After finding "Local orderings in" in the material below, output its line and every line after it through the last, exactly, but not the pictures.

Provided material —
*** Block opens ***

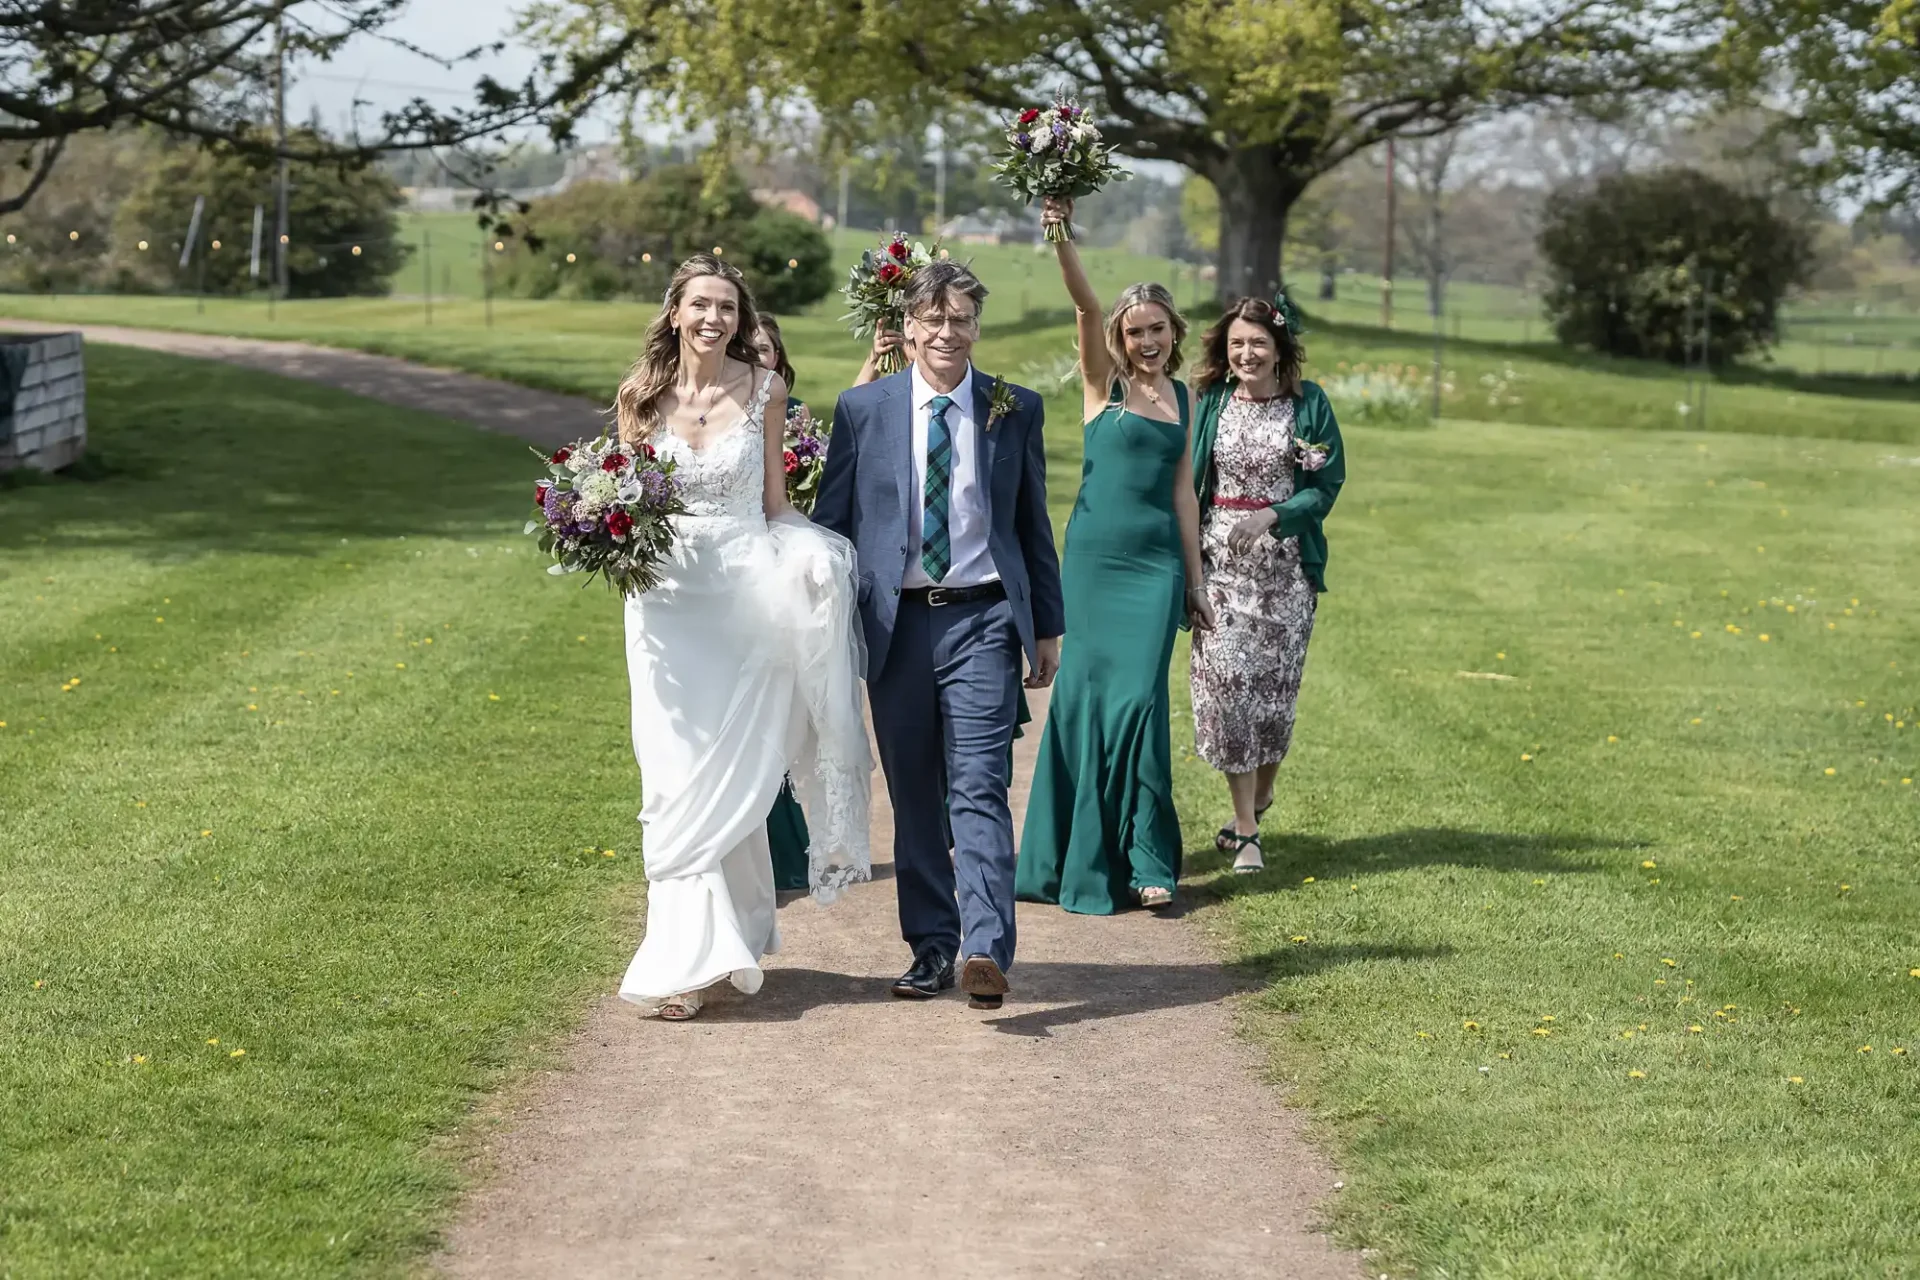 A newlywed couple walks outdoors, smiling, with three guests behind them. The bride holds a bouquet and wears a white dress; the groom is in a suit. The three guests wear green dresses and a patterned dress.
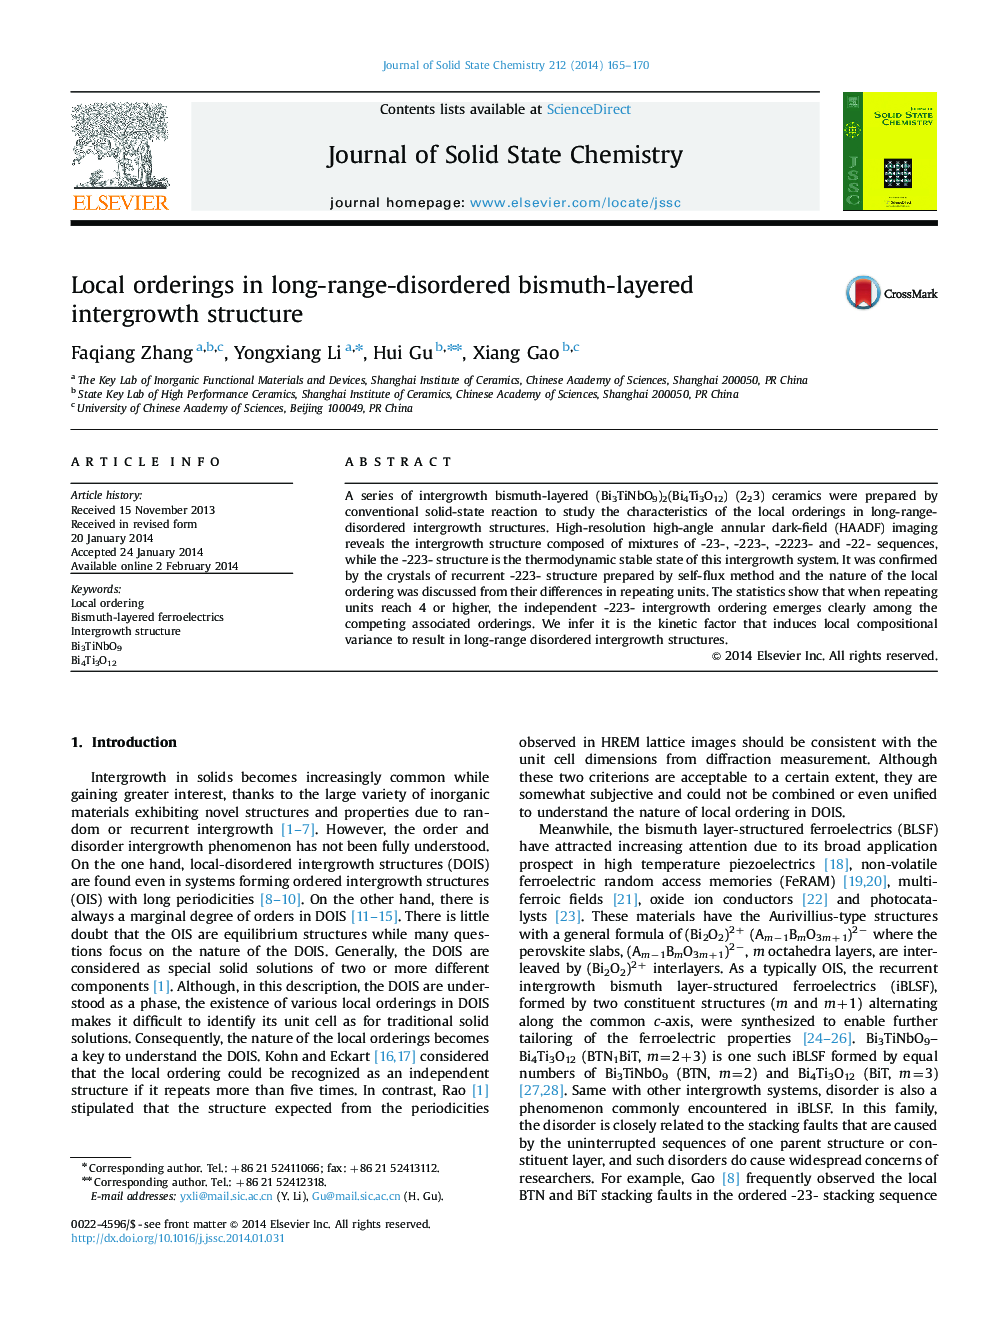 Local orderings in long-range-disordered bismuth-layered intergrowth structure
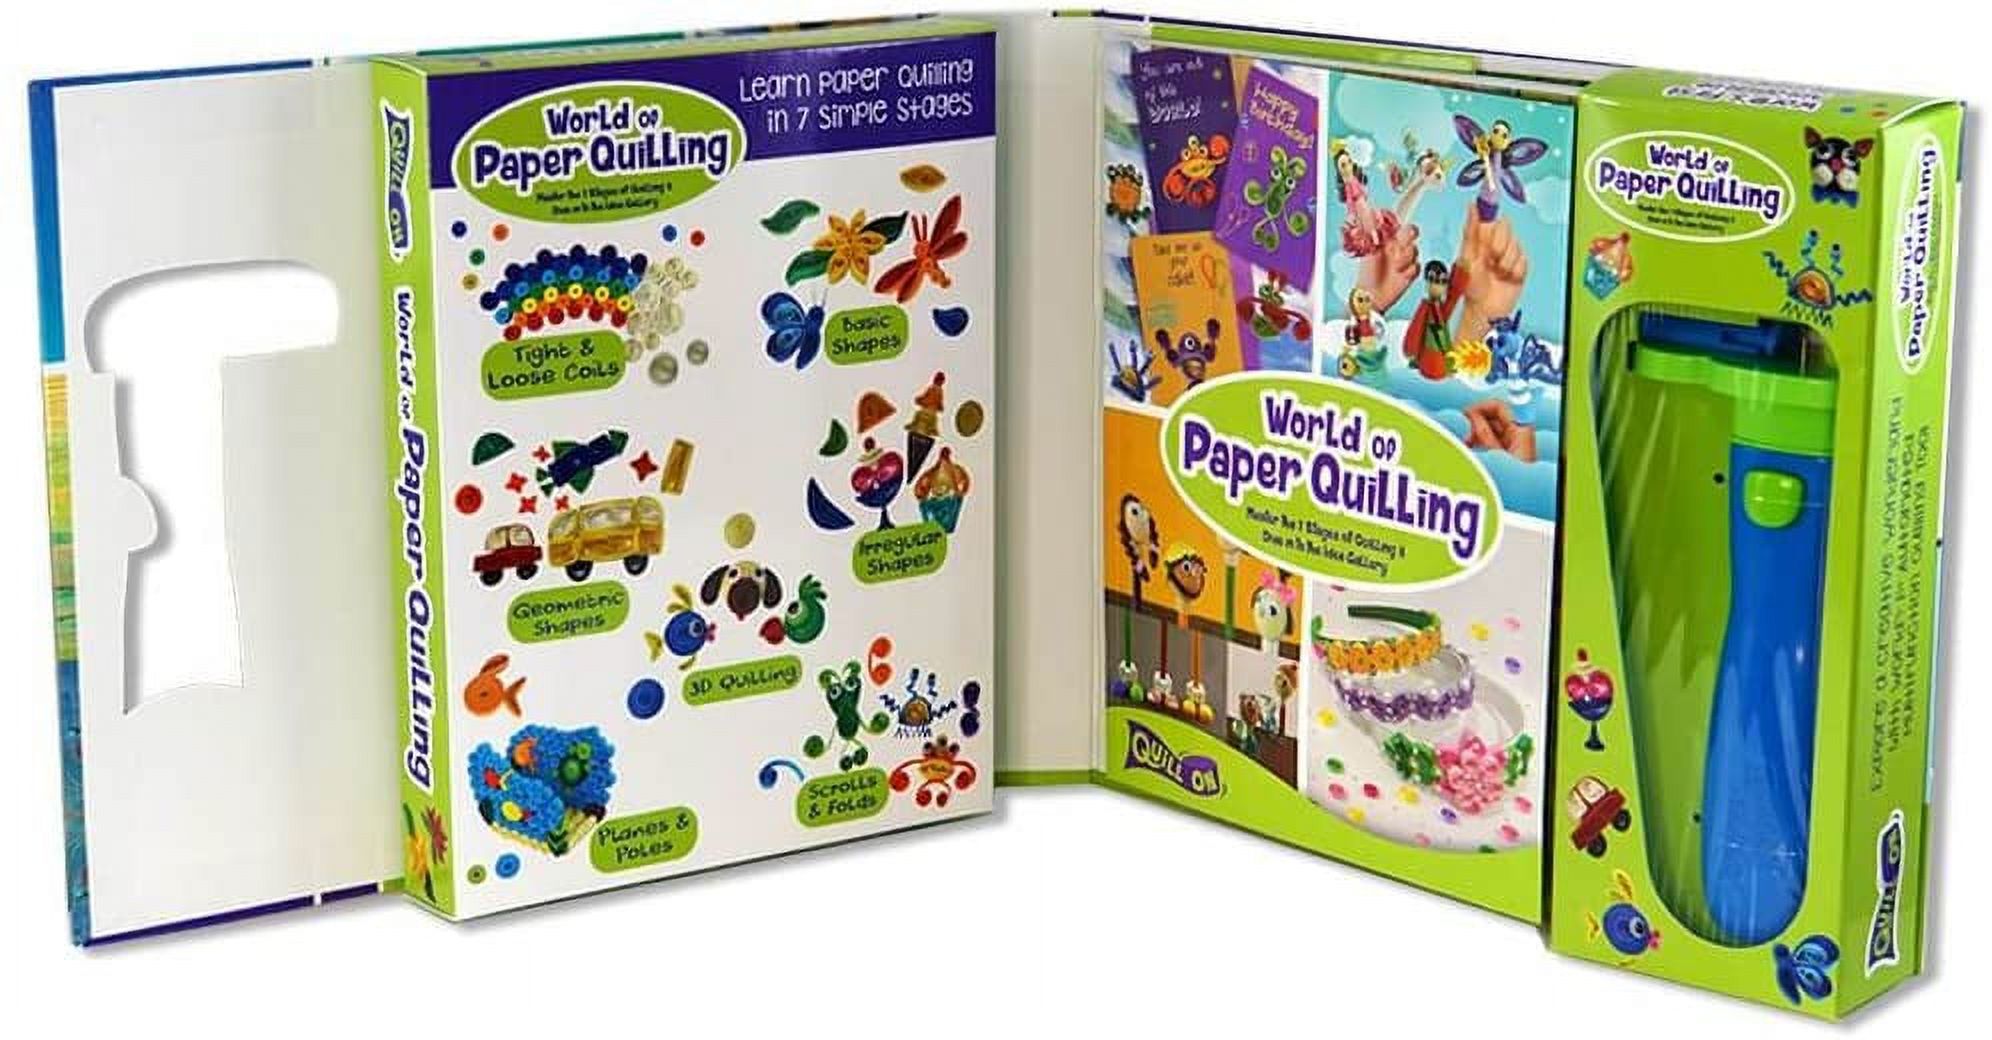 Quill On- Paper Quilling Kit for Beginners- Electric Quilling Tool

*** Block closes ***

Exercise solution —
 Local orderings in long-range-disordered bismuth-layered intergrowth structure
 Quill On- Paper Quilling Kit for Beginners- Electric Quilling Tool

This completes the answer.